▶ [Exercise description] Images don't belong in the copy. Output the rest of the data exactly.

▶ [Data excerpt]
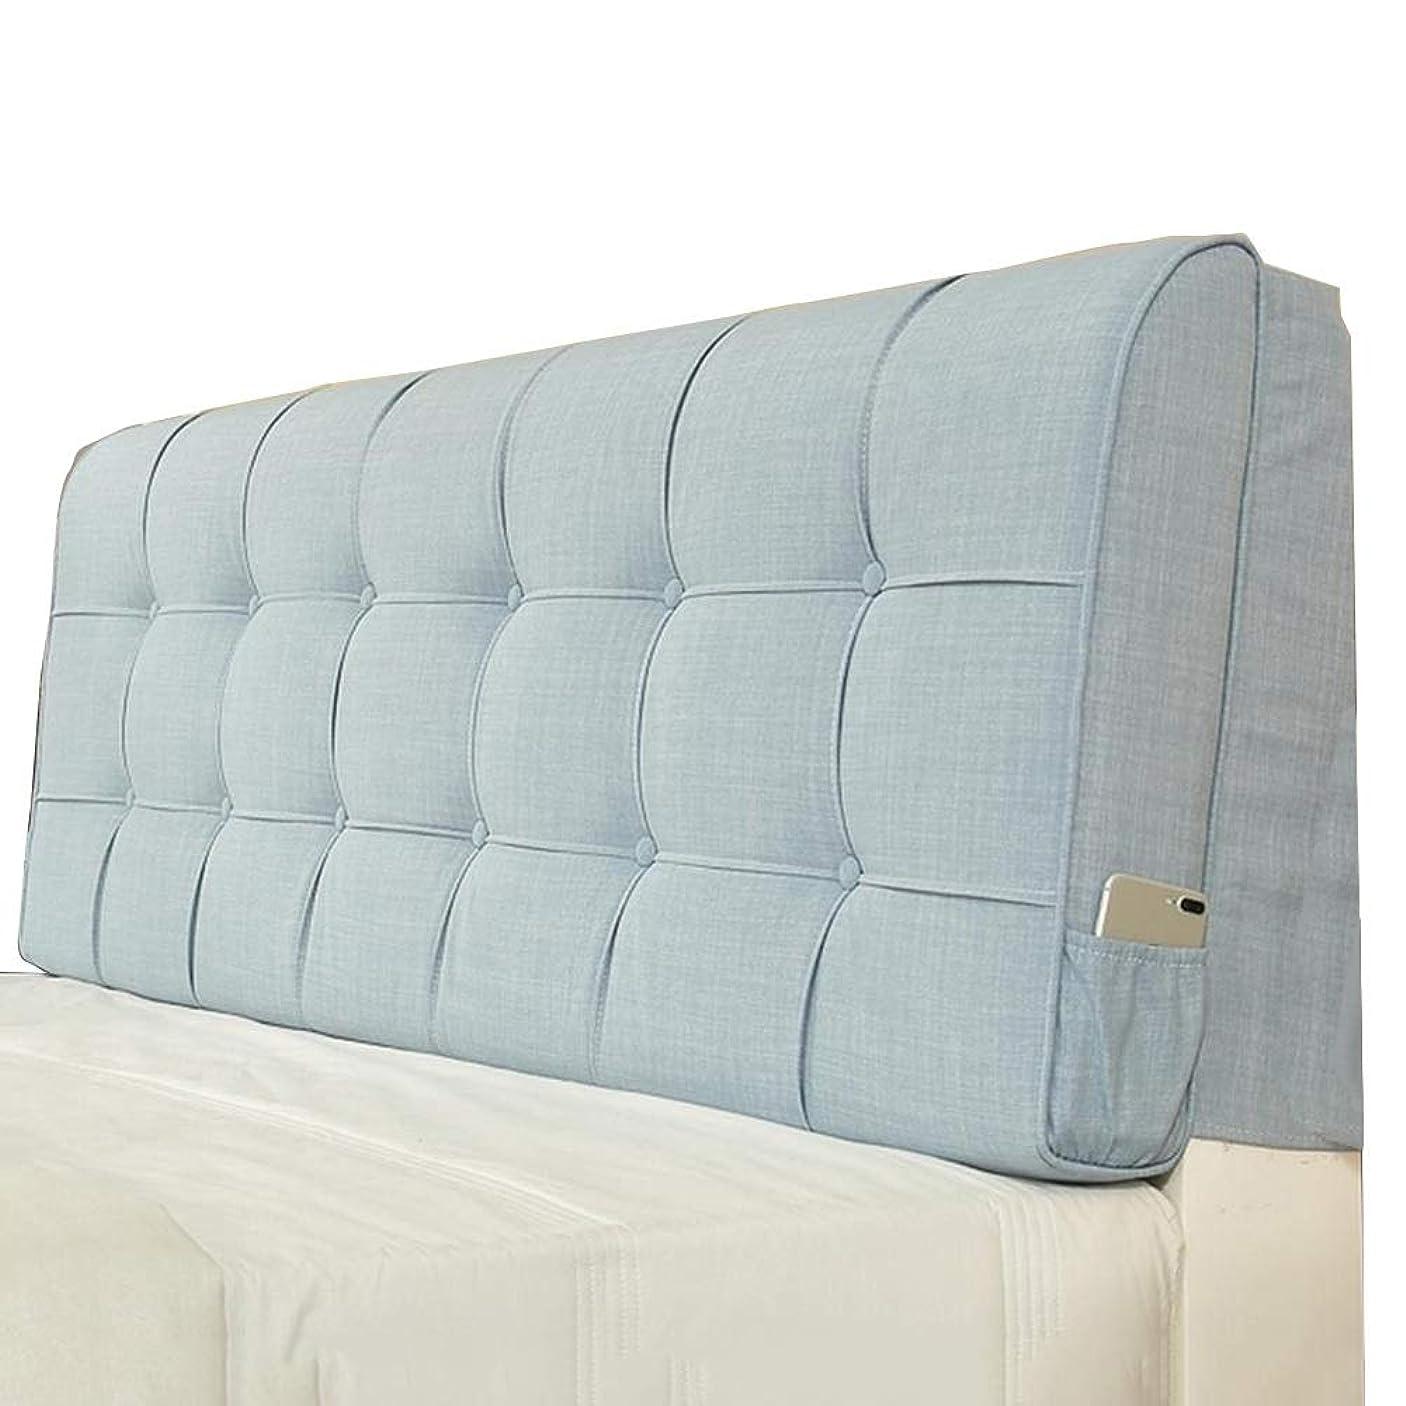 しわ面積パラメータLIANGLIANG クッションベッドの背もたれ ベッド読書枕背もたれクッション洗えるウエストサポート布、 5色、9サイズ (色 : ブロンズ, サイズ さいず : 190X58X10cm)
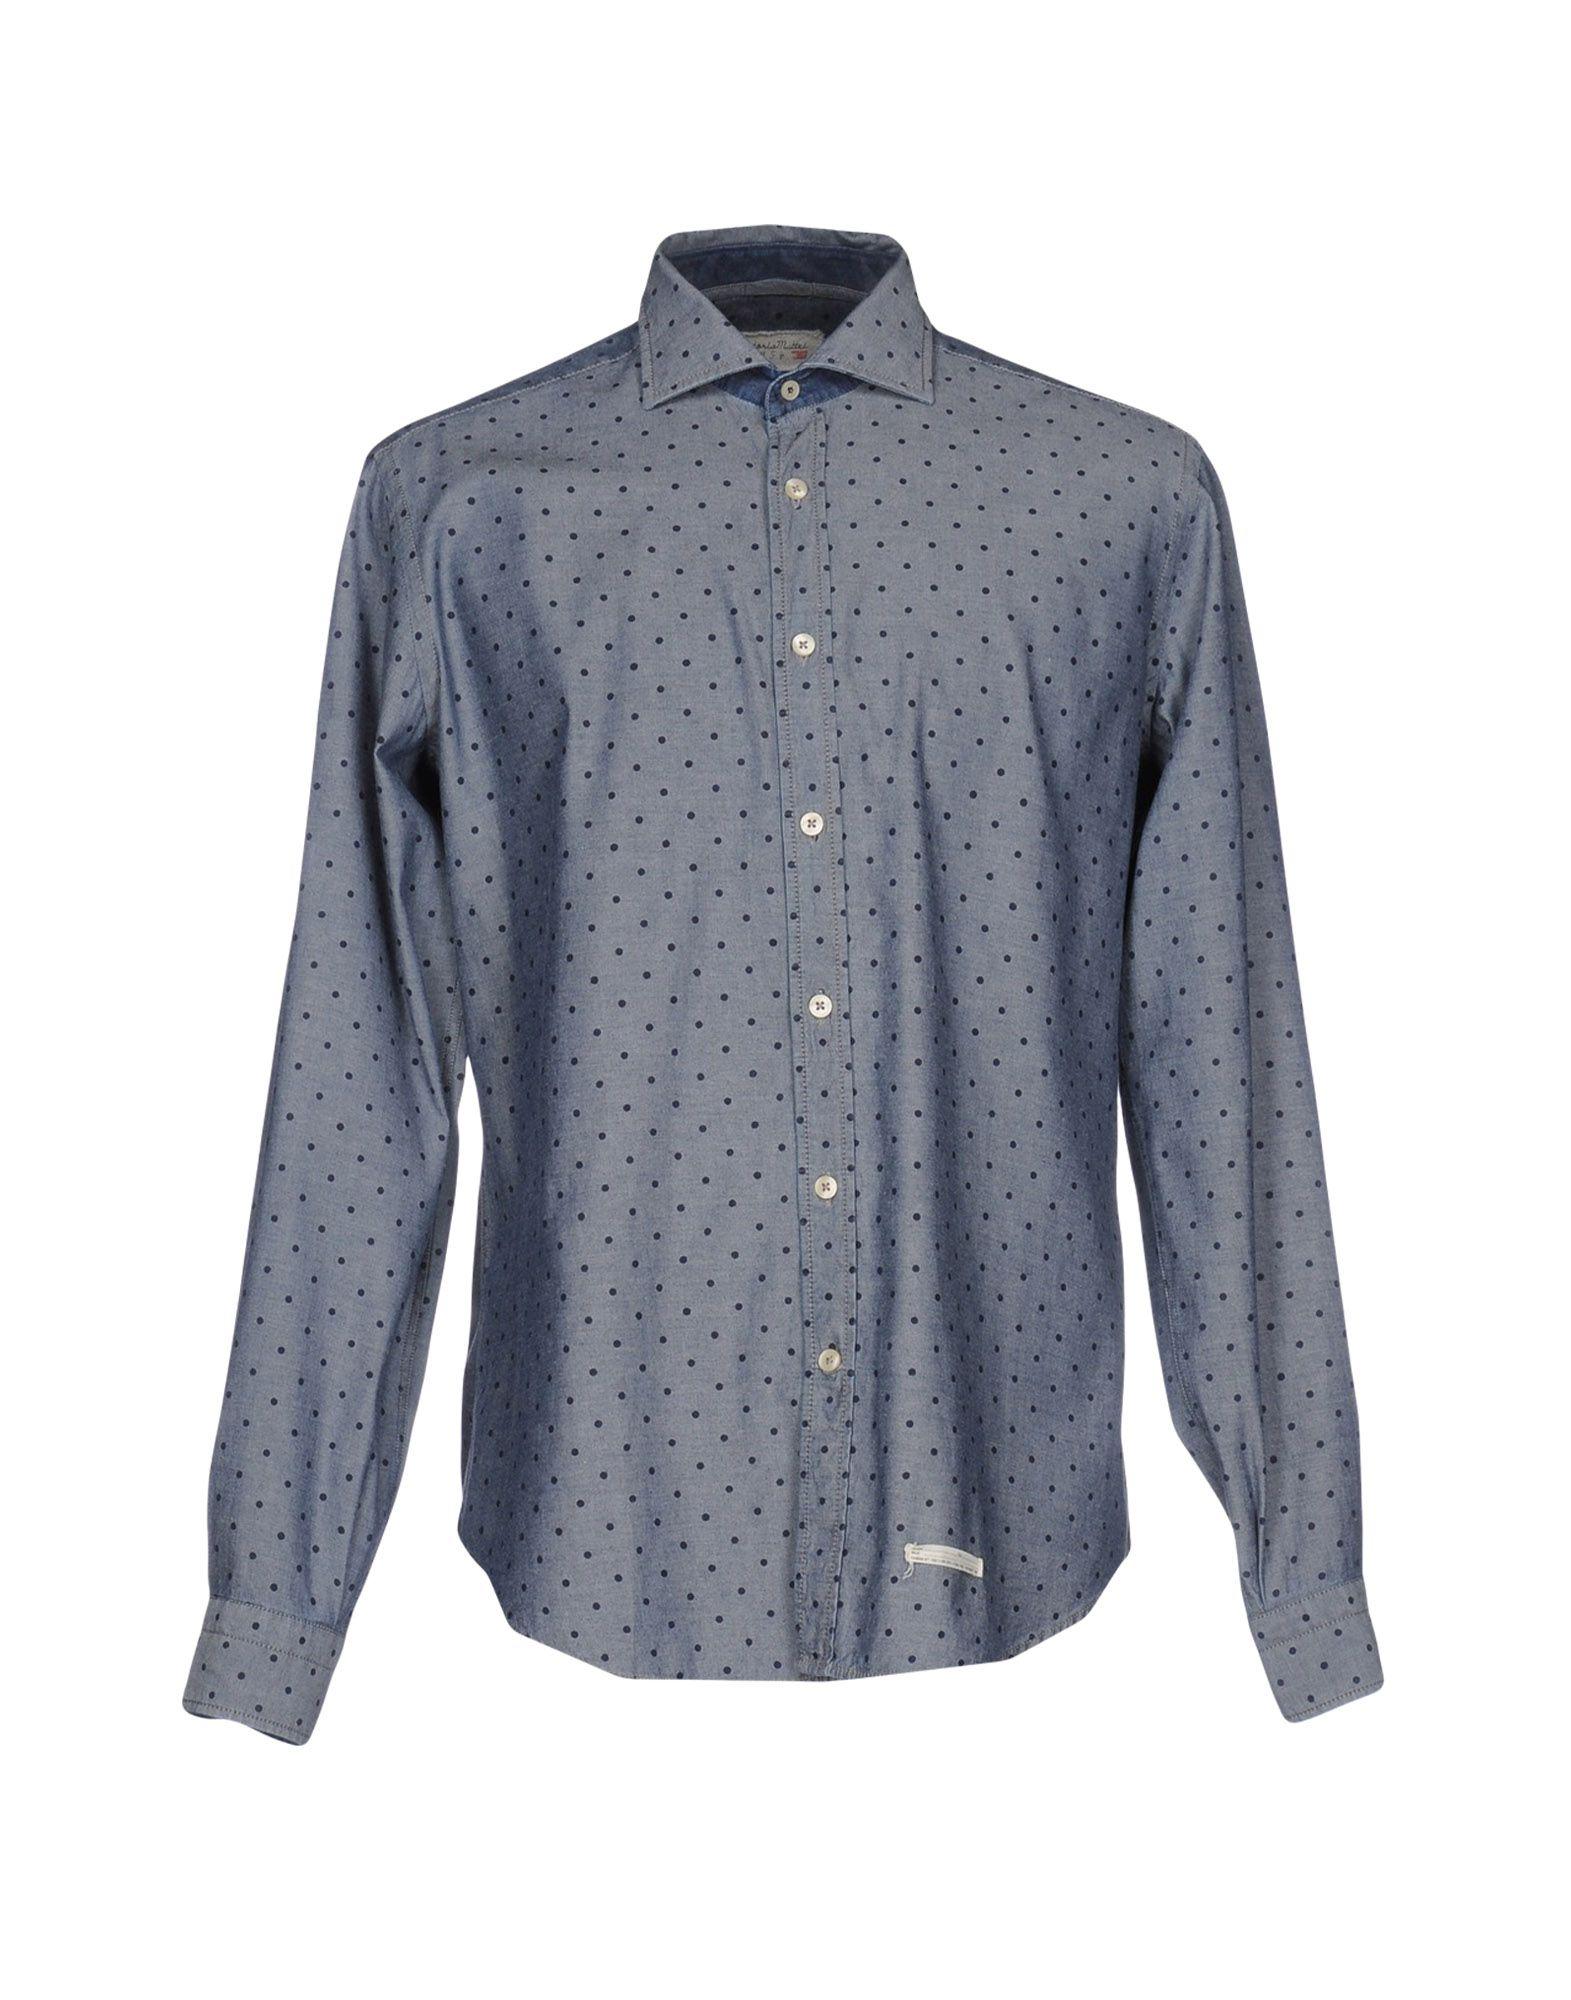 TINTORIA MATTEI 954 Джинсовая рубашка tintoria mattei 954 джинсовая рубашка
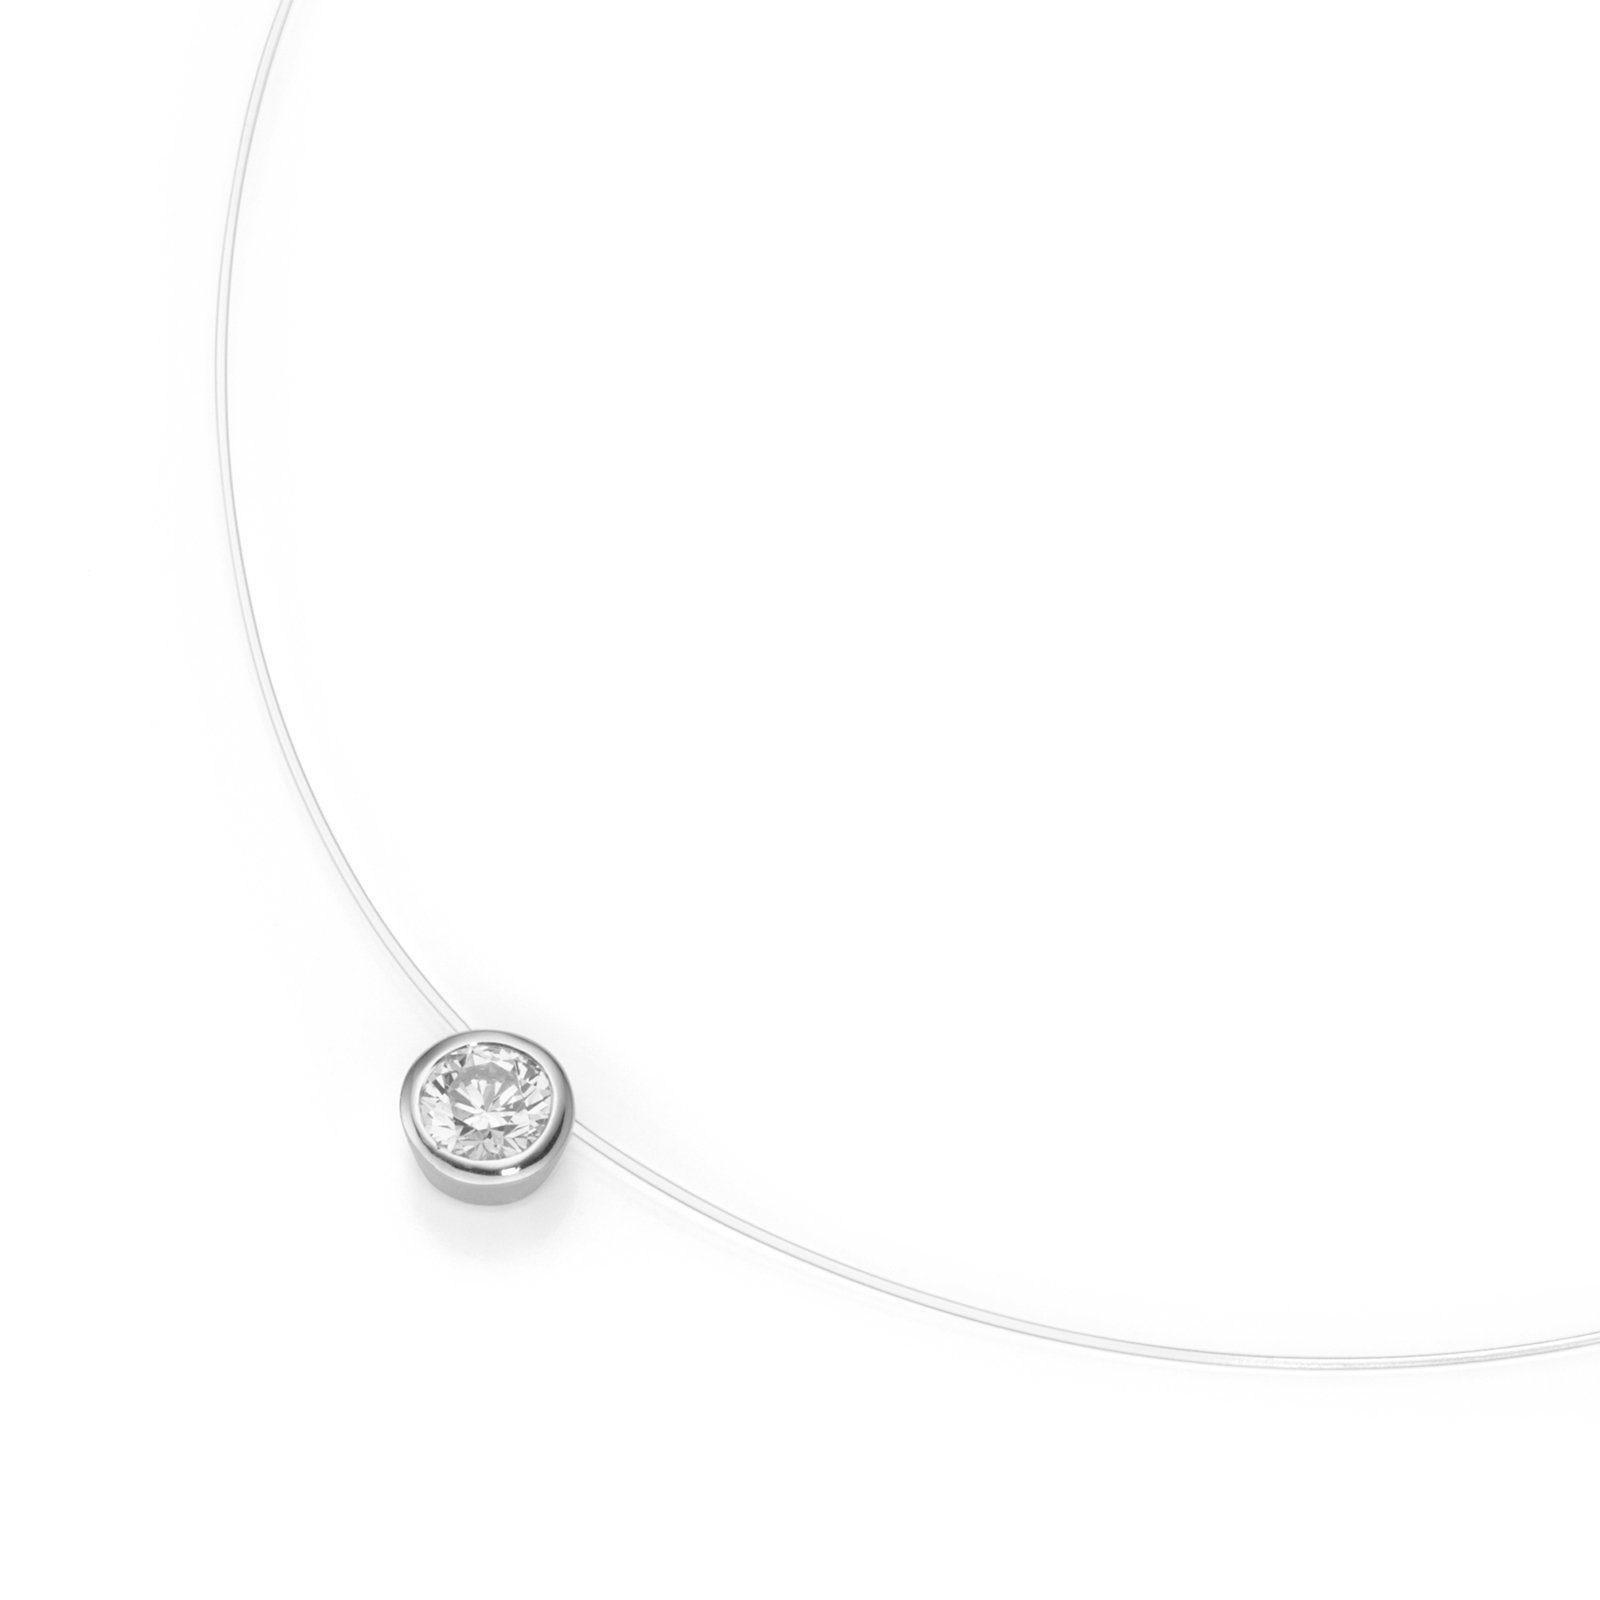 Halsreif unsichtbare Nylon Kette Halskette schwebende Anhänger Stern 925 Silber

▶ [Written solution]
 しわ面積パラメータLIANGLIANG クッションベッドの背もたれ ベッド読書枕背もたれクッション洗えるウエストサポート布、 5色、9サイズ (色 : ブロンズ, サイズ さいず : 190X58X10cm)
 TINTORIA MATTEI 954 Джинсовая рубашка tintoria mattei 954 джинсовая рубашка
 Halsreif unsichtbare Nylon Kette Halskette schwebende Anhänger Stern 925 Silber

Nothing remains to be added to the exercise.